PEST analysis is essential for every business that wants to become and stay successful. Its main goal is to identify external forces that may affect the organization’s performance and profitability. Political-legal, economic, social, and technological factors all contribute to demand fluctuations for IT security solutions. The framework’s political-legal aspect remains the most influential as most countries perceive cybersecurity as a part of their national security policy, especially those with developed digital infrastructure and digital economy (Kovács, 2018). Cybersecurity laws (on cybercrime, cyberterrorism) and related standards significantly influence the market and demand for security products (Thoretz & Hartley, 2020). Such socio-cultural factors as lack of cybersecurity awareness and hacker behavior changes also drive demand for specific solutions.

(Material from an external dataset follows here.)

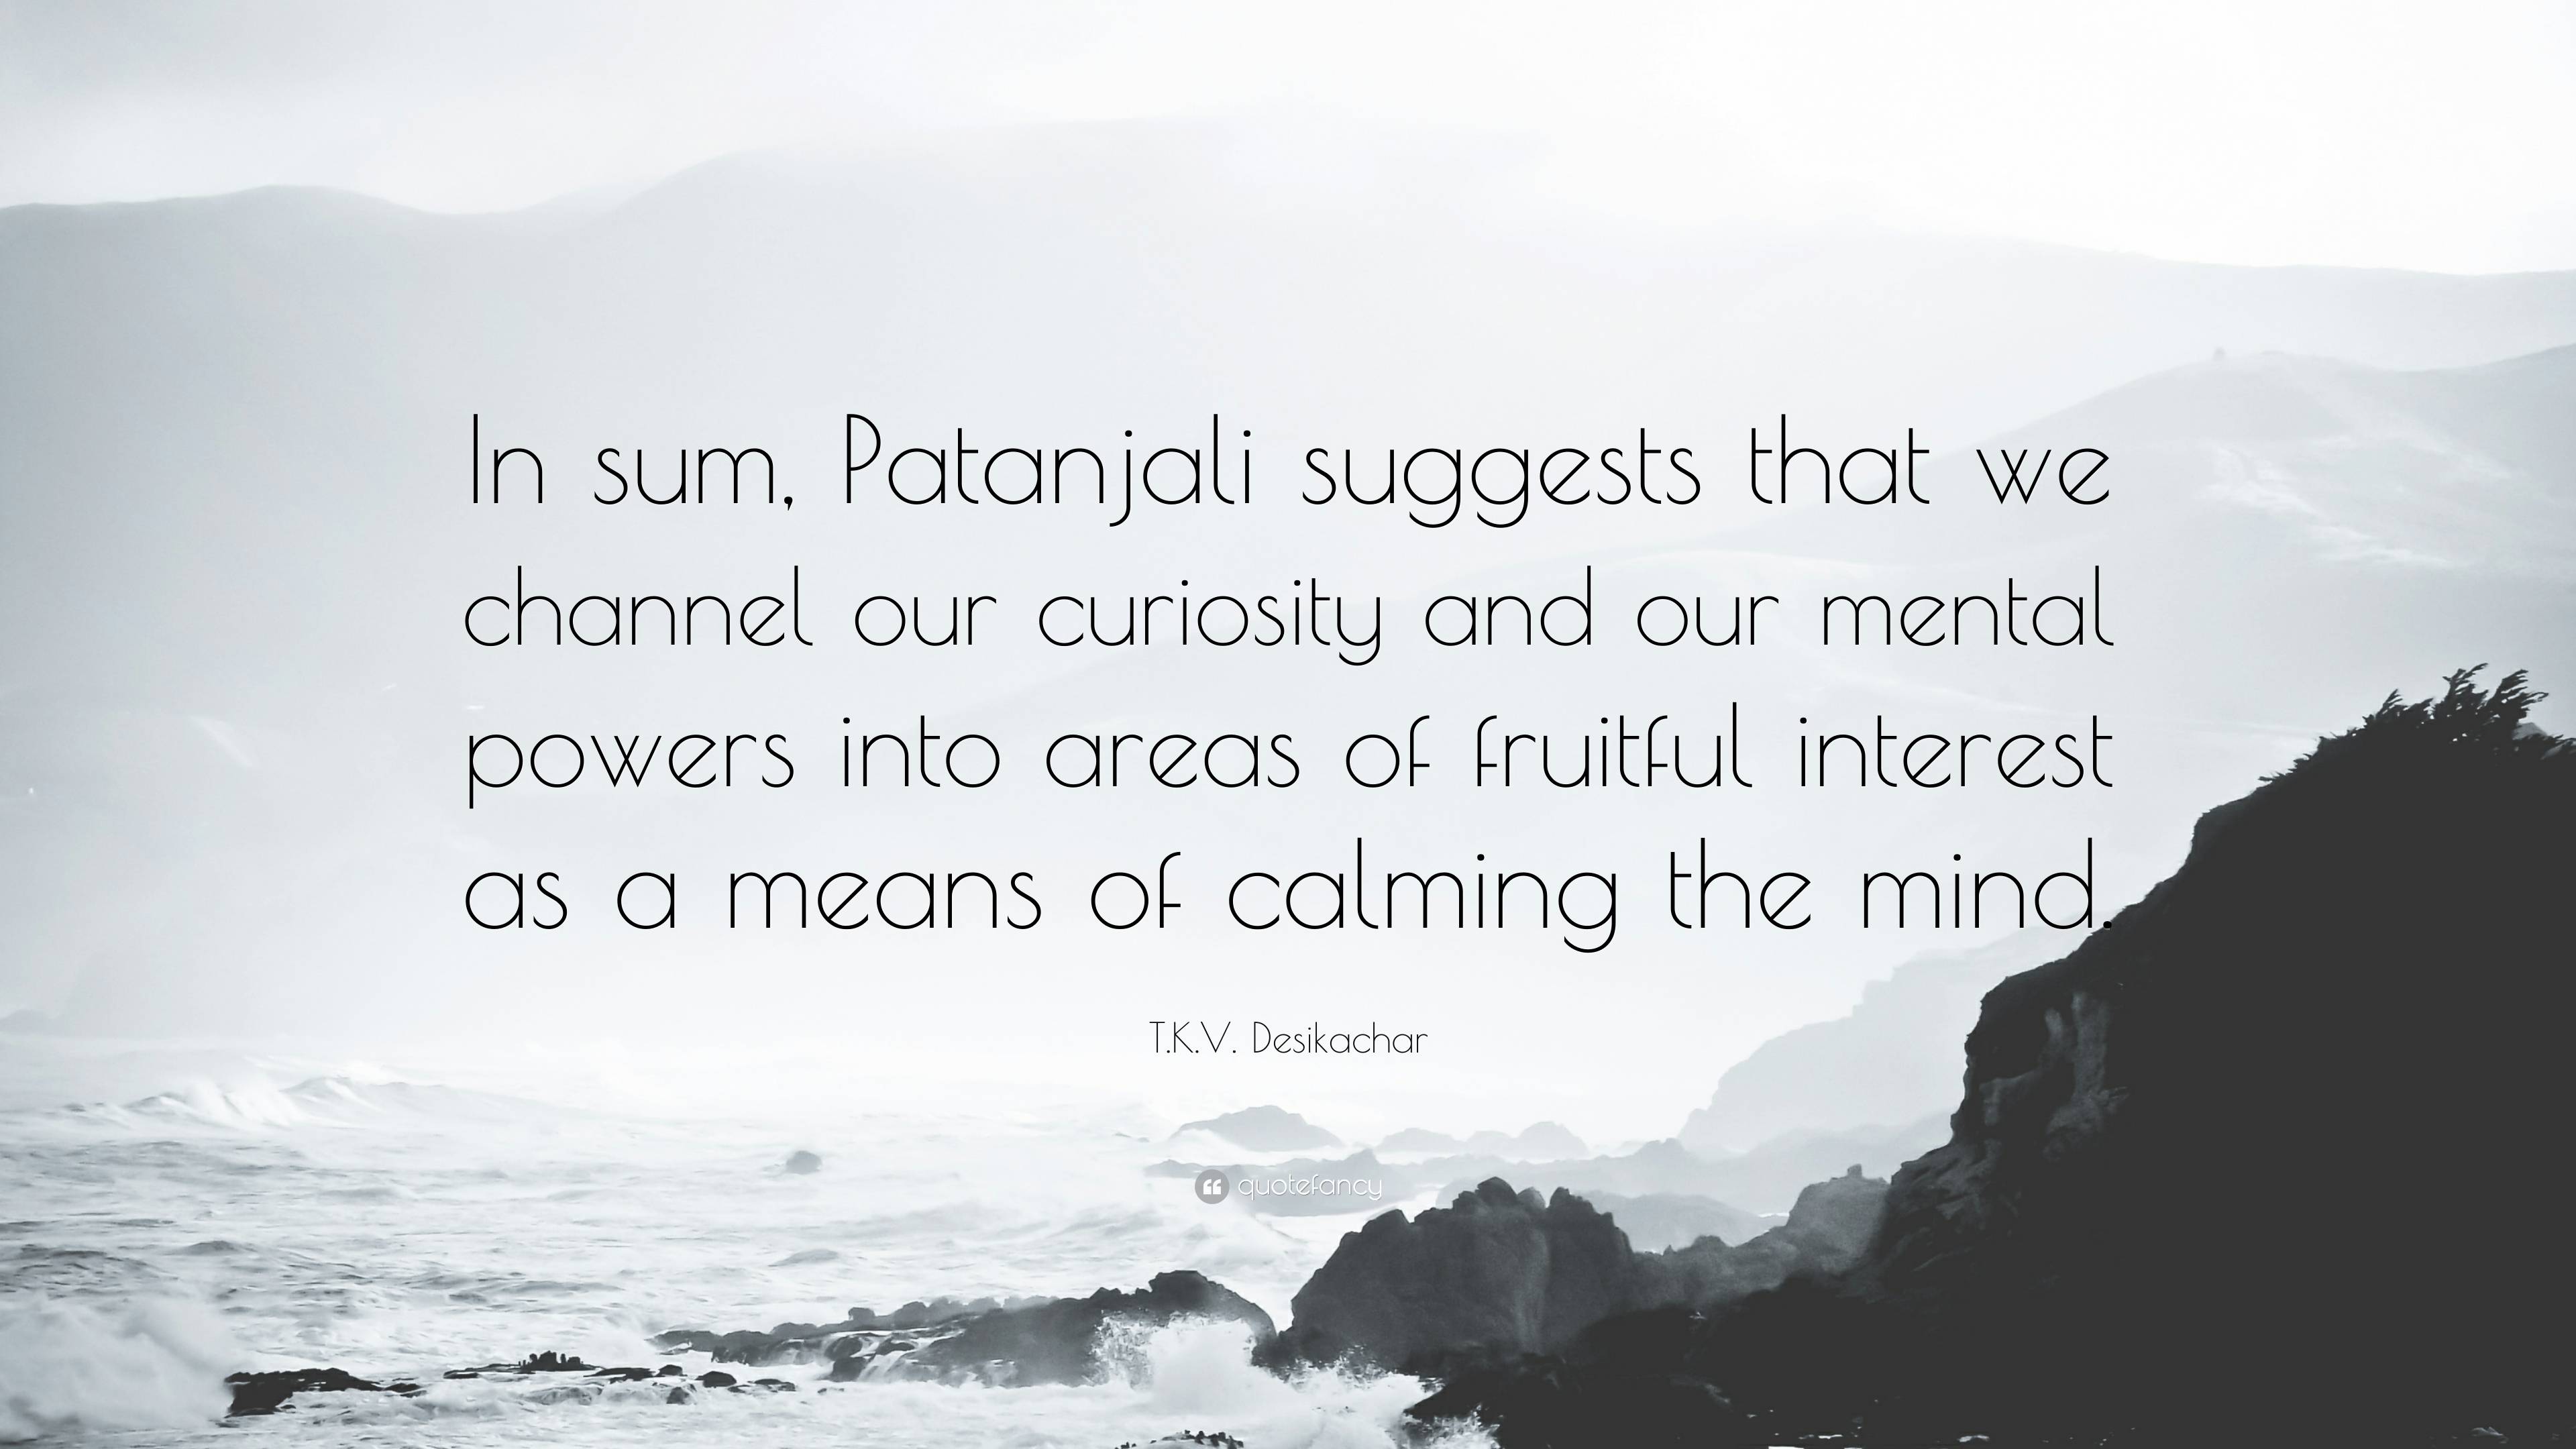 . Desikachar Quote: “In sum, Patanjali suggests that we channel our  curiosity and our mental powers into areas of fruitful interest as a  mean...”
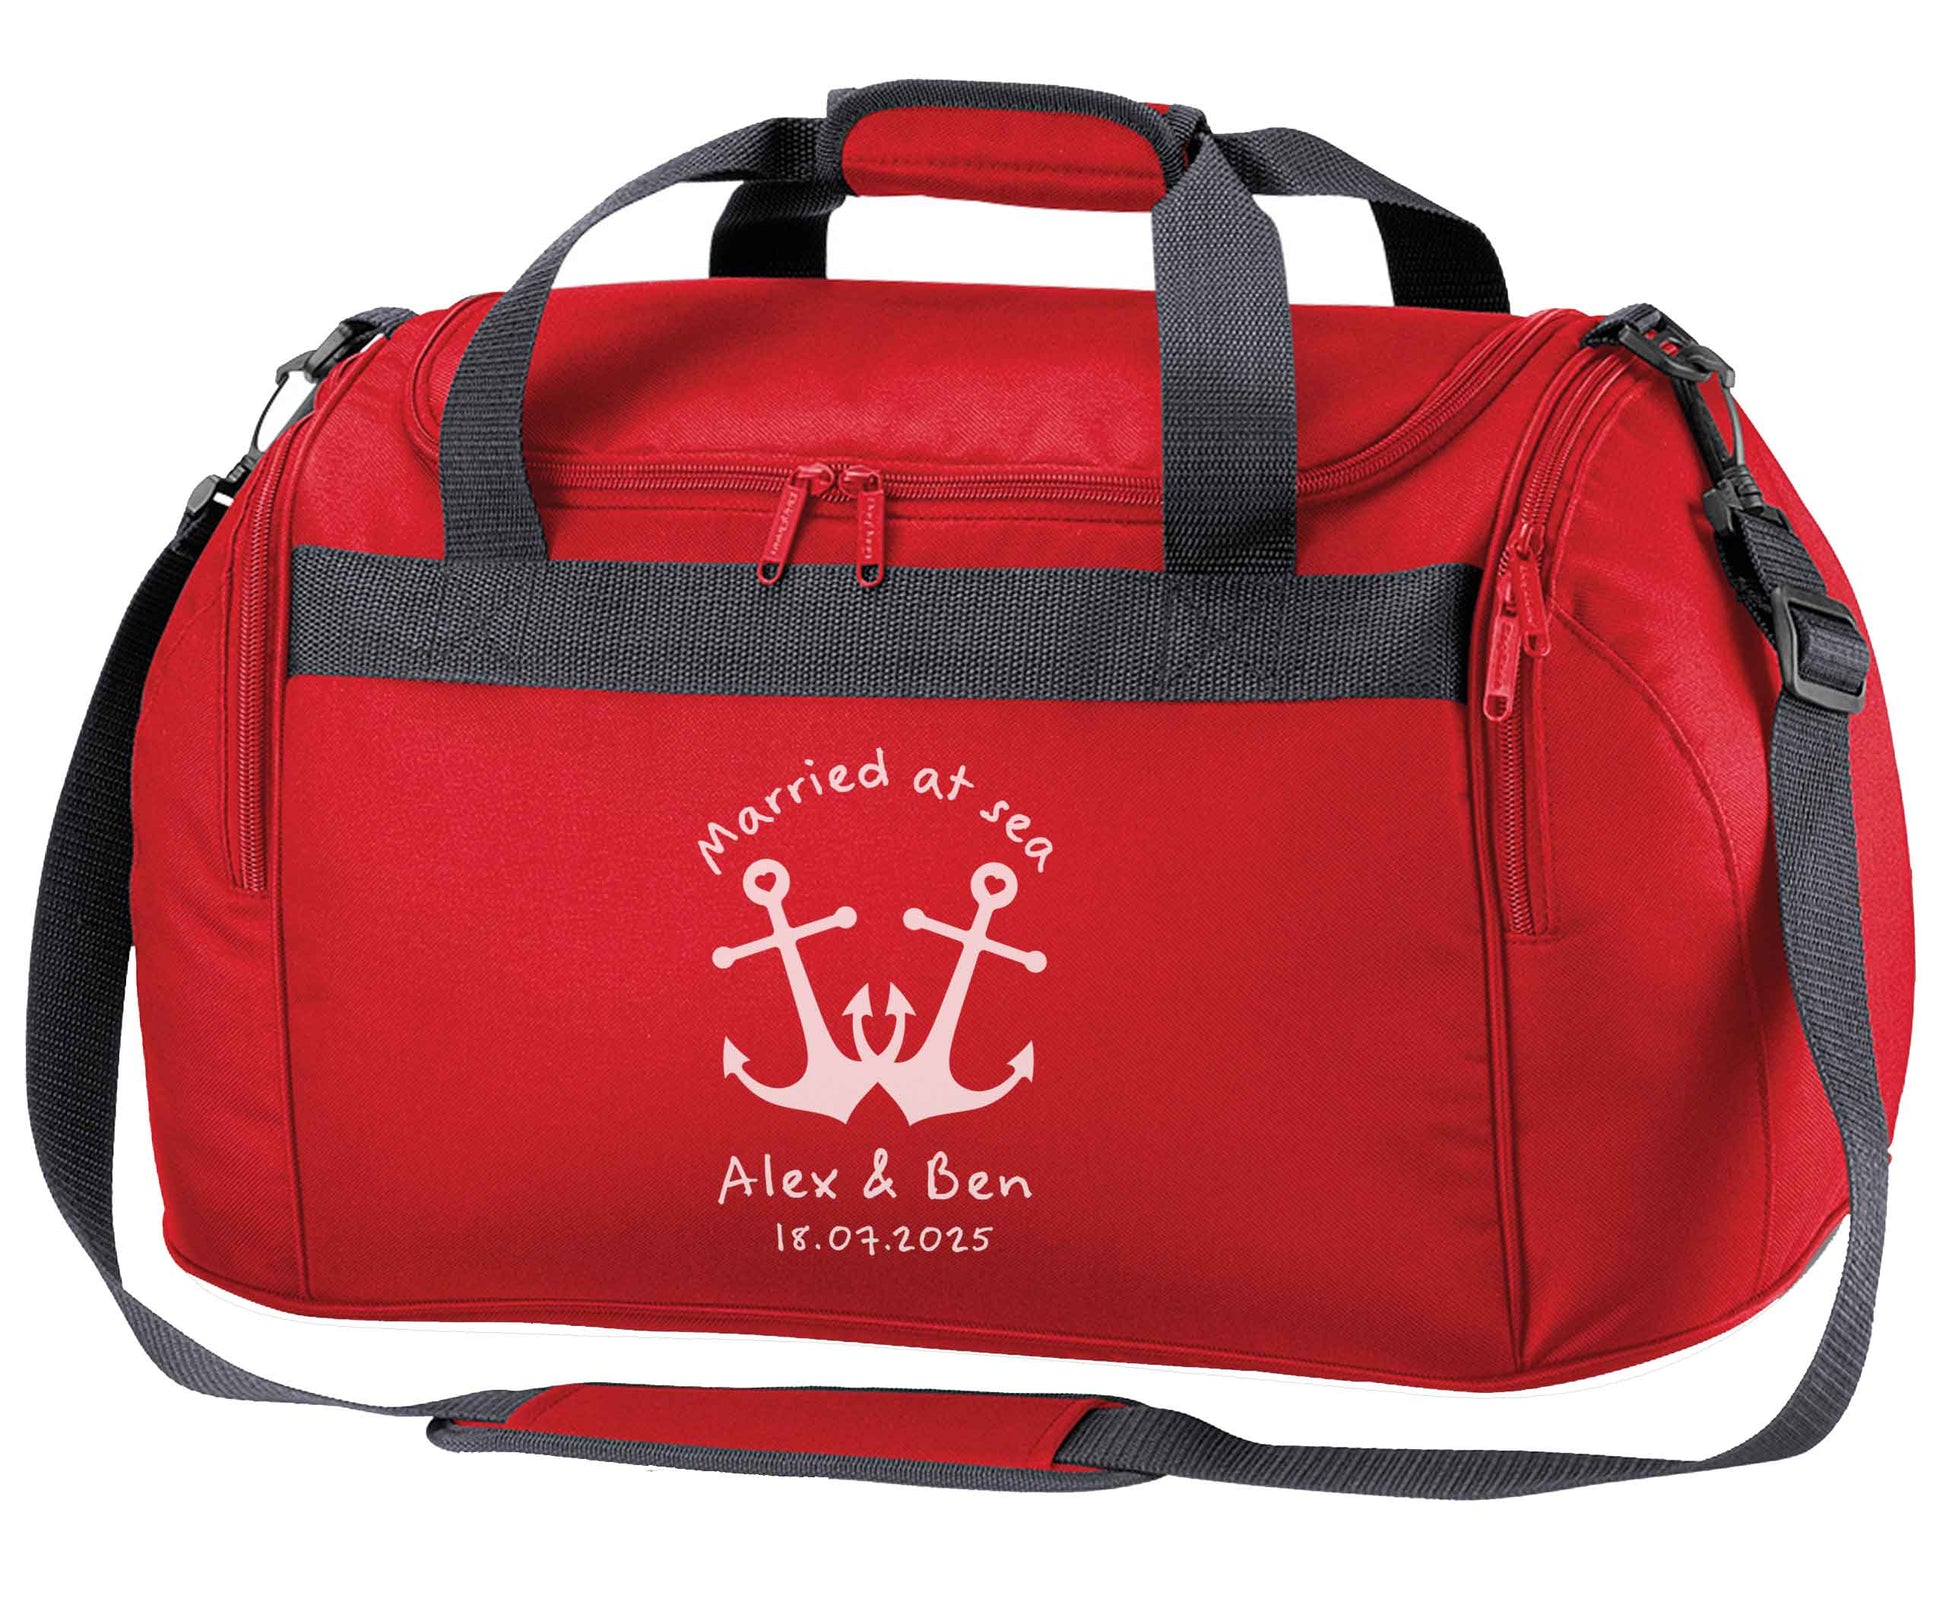 Married at sea blue anchors red holdall / duffel bag

For instance, in the US, hackers continue to shift their attention towards small businesses (SMBs) as they cannot counter possible attacks. According to Ladeau (2019), 58% of cyberattacks targeted SMB’s in 2018, whereas their employees received more email threats than those working in larger organizations. Moreover, it was found that 62% of SMBs do not have specially trained staff capable of managing cybersecurity issues (Ladeau, 2019). In response, the Small Business Development Center Cyber Training Act of 2019 was introduced in previous Congress. It would require SMBs to hire certified cybersecurity counselors to prevent and protect their enterprises. SMBs generally do not expect to be ransomware targets; thus, they usually lack preparedness and cybersecurity awareness. Such companies also lack underwriting data or have insufficient storage for it. In this case, the change to hackers’ behavior and related legal response may lead to a surge in demand for anti-viruses and firewalls and more advanced detection and response tools. What is more, small businesses would demand private cybersecurity firms that offer protection solutions and consulting.
Another example is the relatively new EU privacy law that affected the business worldwide and security providers operating in Europe. The General Data Protection Regulation (GDPR) was enforced in 2018 to give customers more control over their personal data, such as medical information, bank details, name, and photo (Lund, 2021). This regulation requires all organizations that deal with personal data to appoint a data controller officer. Moreover, GDPR allows the collection of customer data only if the customer gives his/her consent and if there are reliable technical measures to protect this data against exposure or loss (Yu & He, 2019). High requirements and fines for non-compliance, together with customers’ privacy concerns, make businesses comply and embrace security measures.
Compliance became a requirement for the right brand image, trust between customers and company, and overall service reliability. Thus, most large companies perceive it as an opportunity and put substantial efforts and capital into data security improvement. For that reason, more and more enterprises continue to drive demand for IT security solutions to comply with GDPR. More than 25% of European companies are only at their start of security improvement (De Groot, 2020). For that reason, product developers and service providers should expect a surge in demand and seize on the momentum for profits.
To conclude, PEST analysis provides firms with external forces overview to predict demand and finally adjust the strategy. The political-legal factor was found to be the most important at the moment, as nations continue to enhance laws in order to protect personal data and counter various cyberattacks. Global standards of cybersecurity are mandatory for IoT and other companies dealing with personal data. Laws that require the application of IT professionals and special security tools drive the demand for security solutions providing the opportunity to the cybersecurity industry.
References
De Groot, J. (2020). What is the General Data Protection Regulation? Understanding & complying with GDPR requirements in 2019. DataInsider. Web.
Kovács, L. (2018). National cybersecurity as the cornerstone of national security. Land Forces Academy Review, 23(2), 113-120.
Ladeau, J. (2019). Legislation highlights why cyber market should keep watch on small business risk. Insurance Journal. Web.
Li, H., Yu, L., & He, W. (2019). The impact of GDPR on global technology development. Journal of Global Information Technology Management, 22(1), 1-6.
Lund, J. (2021, January 14). What is GDPR and how does it impact your business?. SuperOffice. Web.
Thoretz, W., & Hartley, K. (2020). UK enterprises seek cyber security providers to help with new regulations. Intrado GlobeNewswire. Web.